__Work task__
Go through the listing below and retype exactly the lines starting at the one with "It&rsquo;s days like" and ending at the one with "#LimeOut #LimeOutVi #CocktailsAndTacos", skipping pictures.

__Data for review__
#####

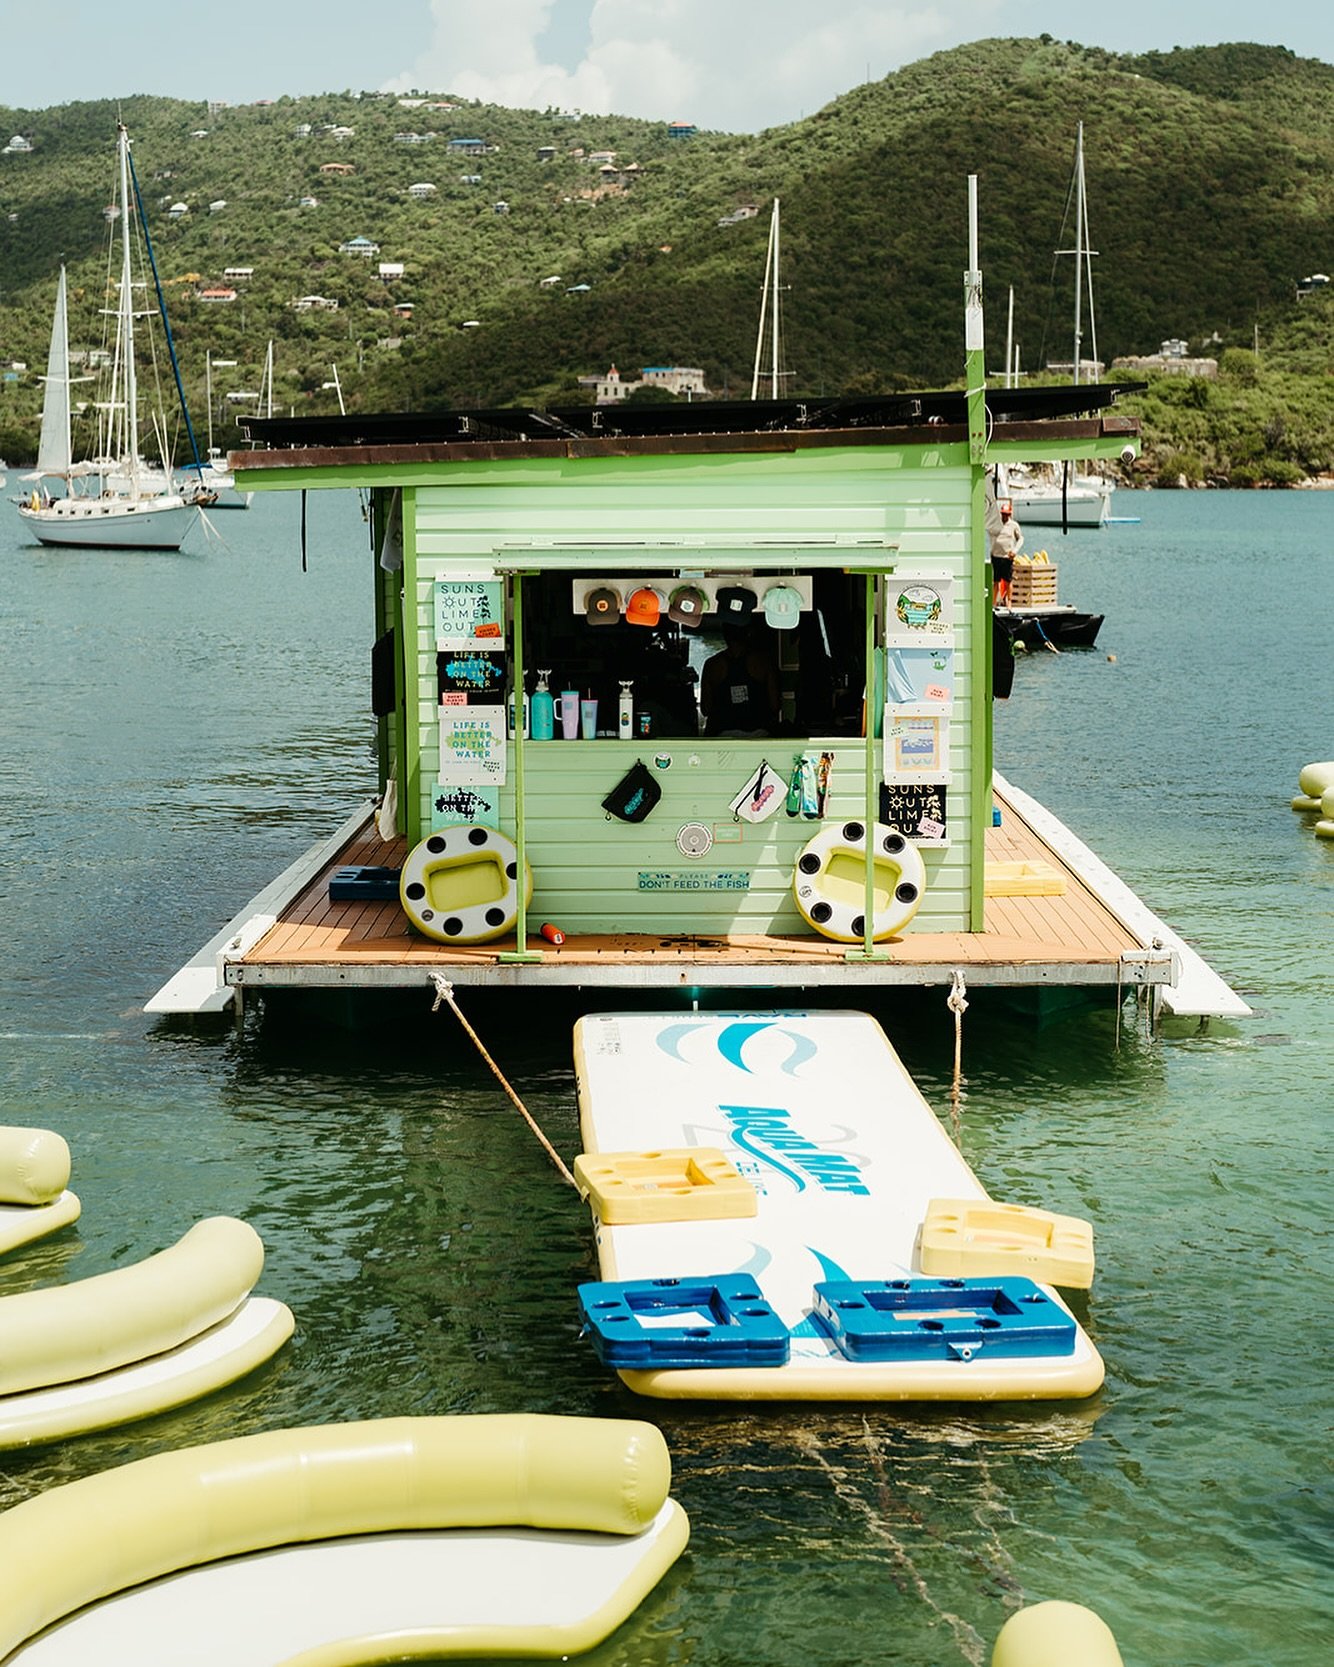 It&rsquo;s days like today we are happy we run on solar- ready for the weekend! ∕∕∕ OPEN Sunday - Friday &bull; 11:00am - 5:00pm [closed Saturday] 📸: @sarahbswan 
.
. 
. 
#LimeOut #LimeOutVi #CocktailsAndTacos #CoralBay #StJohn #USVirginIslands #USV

#####

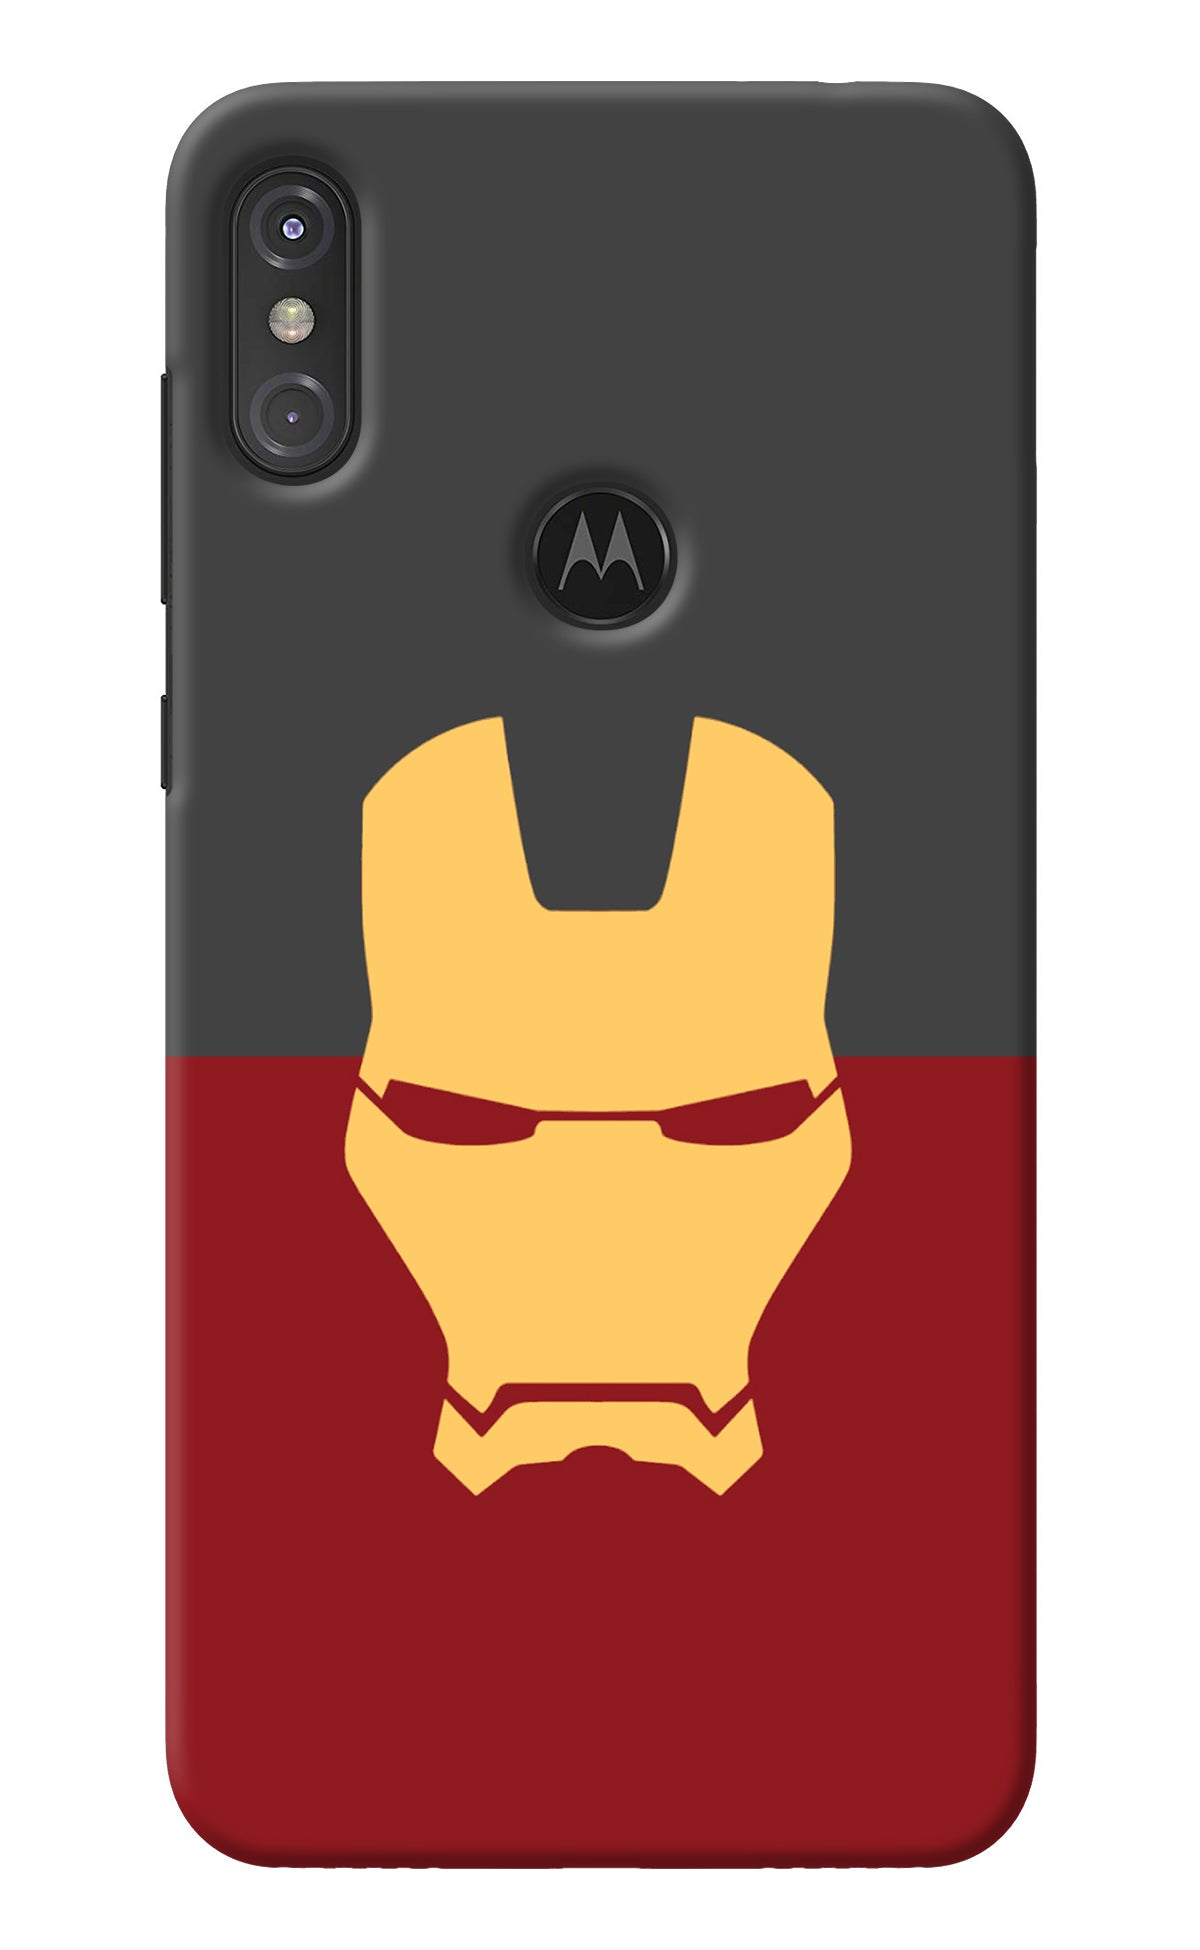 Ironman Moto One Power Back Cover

#####

__Reply to the exercise__
 It&rsquo;s days like today we are happy we run on solar- ready for the weekend! ∕∕∕ OPEN Sunday - Friday &bull; 11:00am - 5:00pm [closed Saturday] 📸: @sarahbswan 
.
. 
. 
#LimeOut #LimeOutVi #CocktailsAndTacos #CoralBay #StJohn #USVirginIslands #USV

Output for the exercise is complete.